New 1,000-seat church
Completed 2008
CRAM and Ferguson Architects competed with seven other firms for the commision to design this new 1,000-seat church outside Knoxville, Tennessee. Designed in a rugged Romanesque style, its exterior is clad in split Texas limestone and roofed in American-made terra cotta. Cast-stone reliefs of Christ the Teacher embellish the main arch of the entry door.
Built on a traditional cruciform plan, the church’s interior maintains a sense of procession while still keeping a third of the seating close to the altar, in the transepts. The crossing is marked by a vast dome capped by a lantern, high above the marble-paved floor.
Due to a request by pastor Fr. John Dowling, St. John Neumann represented a first in the firm’s recent ecclesiastical work through its use of the Romanesque. We drew on our extensive archive of older heirloom projects and more recent travels by Ethan Anthony, the firm principal, to study and explore the ancient monastery churches of Burgundy in France. The result is a domed and vaulted evocation of God reaching down to earth and embracing His faithful within.

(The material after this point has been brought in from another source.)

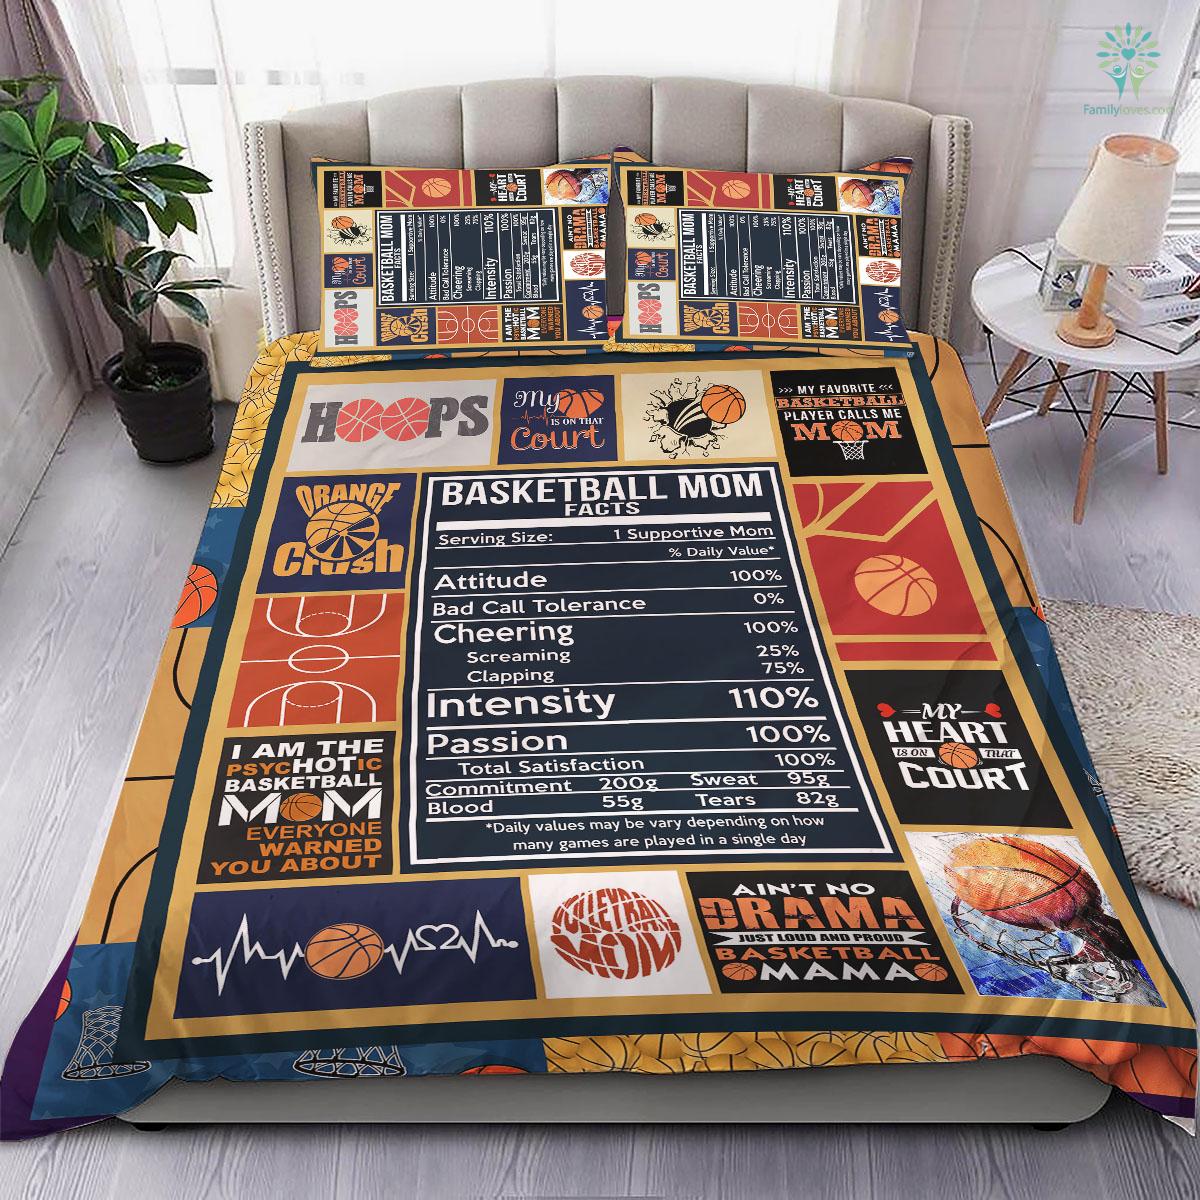 Basketball 3 Bedding Set - Family Loves US Military Veterans Shirts Gifts Ideas

St. John Neumann was completed in 2008.
New 1,050-seat cathedral and parish house
Designed 2017-2018
DESTROYED by fire in 2005, the historic cathedral of Saint Raphael was located in the vibrant downtown of Madison, Wisconsin. Bishop Robert C. Morlino approached Cram and Ferguson in 2017 to design a replacement that would be a a beacon of faith in a secular city, returning, as he put it, church spires to the skyline. The proposed cathedral would be built in two phases, the first a cathedral parish house and rectory, with a crypt chapel, the second the main portion of the cathedral. A partnership with local businesses was pursued to finance
the project through a parking garage located beneath both. The liturgical layout isthe result of close consultation with the bishop, with a generous sanctuary centered on a marble altar beneath a Gothic baldachin and ample space for concelebrants and attendants for a bishop’s stational mass. Sacristies and vestries were designed to accomodate regular masses and solemn diocesan liturgies.
The sudden death of Bishop Morlino in late 2018 and diocesan restructuring in the wake of the 2020 pandemic meant that his last vision remains still a dream, but its power to inspire is nonetheless undimmed.
Preliminary Study
Designed 2018
INTENDED as an initial stylistic study for our recently completed project of St. John’s University Catholic Center in Stillwater, Oklahoma, this early design represents a window into our creative process. While a variety of styles and material palettes were considered for the student center, we initially explored a simplified Spanish Churrigueresque style that would pay tribute to the early roots of Catholicism in the region, and also allow for a simplified, costeffective design of elegantly-massed volumes punctuated by moments of high ornamentation at important points such as portals, gates and towers. The proposed plan was arranged around a Mission-inspired courtyard that would create a private exterior space still permitting, through ironwork grills, glimpses of the central
chapel from the main thoroughfare, a major artery of campus. Two wings, connected by a vestibule running across the front of the chapel, with a separate narthex beyond, would house classrooms, study spaces and a dining hall, with circulation through the cloisters on either side. Trees, fountains, a grassy lawn, and shaded arcades counteract the Oklahoma sun. A bell tower rises from the northeastern rear corner of the church, serving as a powerful way-marker across campus.
After further discussion with the client, we instead drew on the older precedents of the Italian Romanesque, as seen in Cram and Ferguson Architects: Recent Work. The new student center was dedicated in 2023.
Now we are doing what we can by way of amendment. [...] [T]he restoration must be accomplished, however arduous the effort. And the reward is worth the effort.